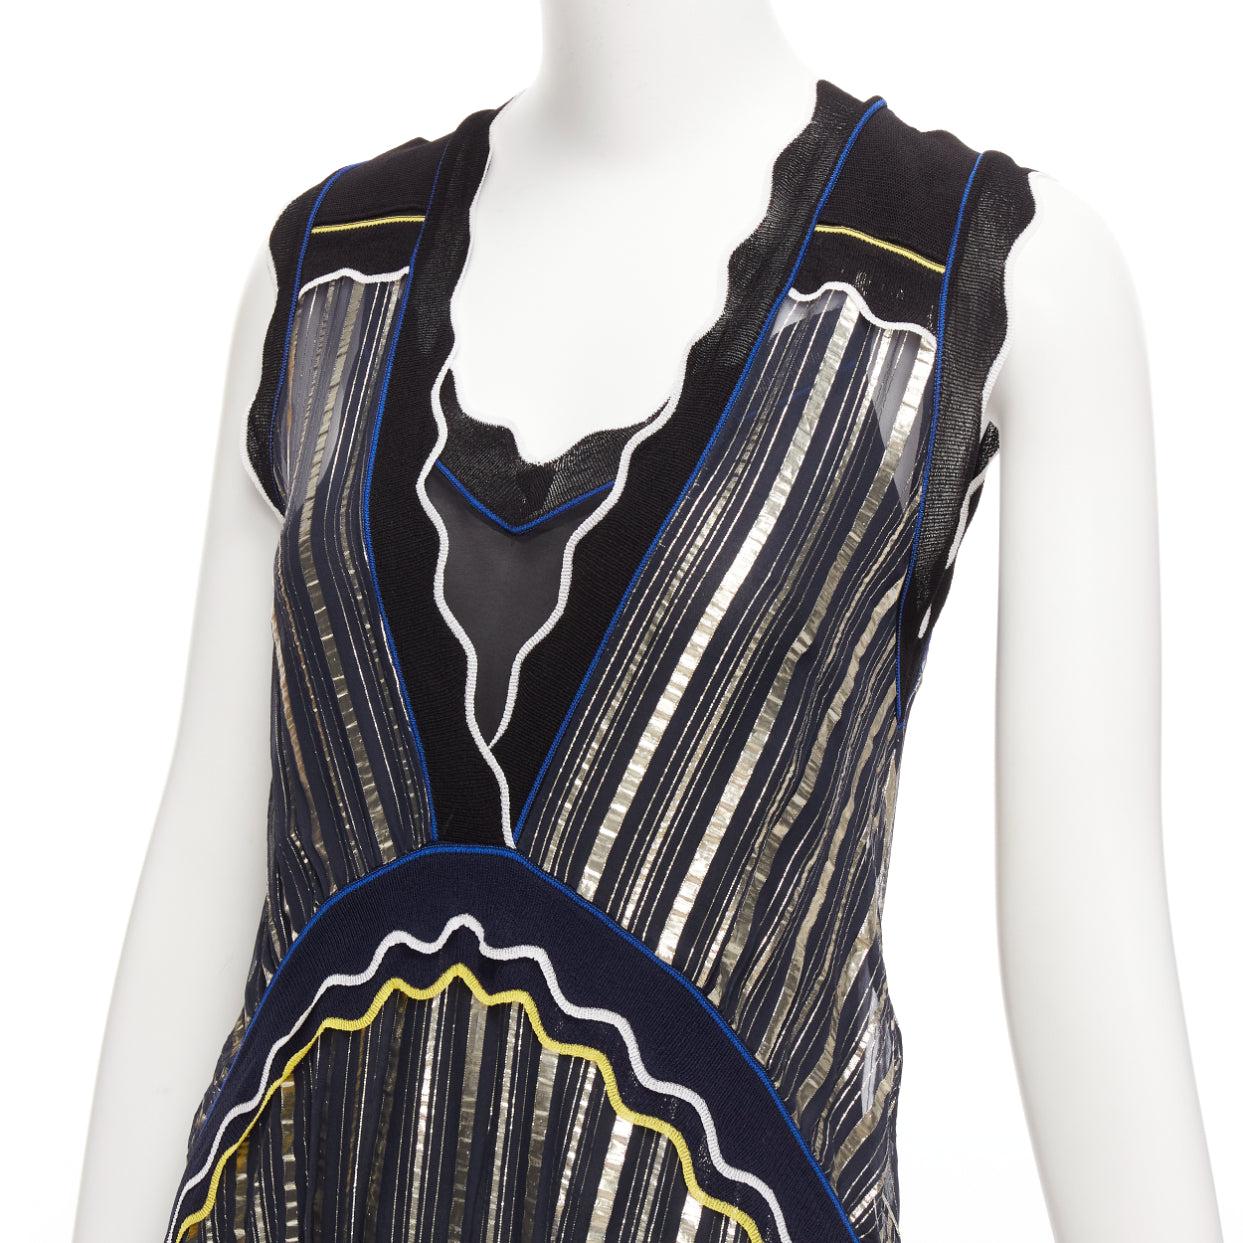 PETER PILOTTO gold metallic blue yellow trim pleated V-neck knee dress XS
Reference: NKLL/A00189
Brand: Peter Pilotto
Material: Viscose, Blend
Color: Gold, Blue
Pattern: Striped
Closure: Slip On
Lining: Black Fabric
Extra Details: Lining can be worn
____________
Work request:
Using the entries above, state the number of lines that include "Lining". Add nothing else.

Exercise output:
2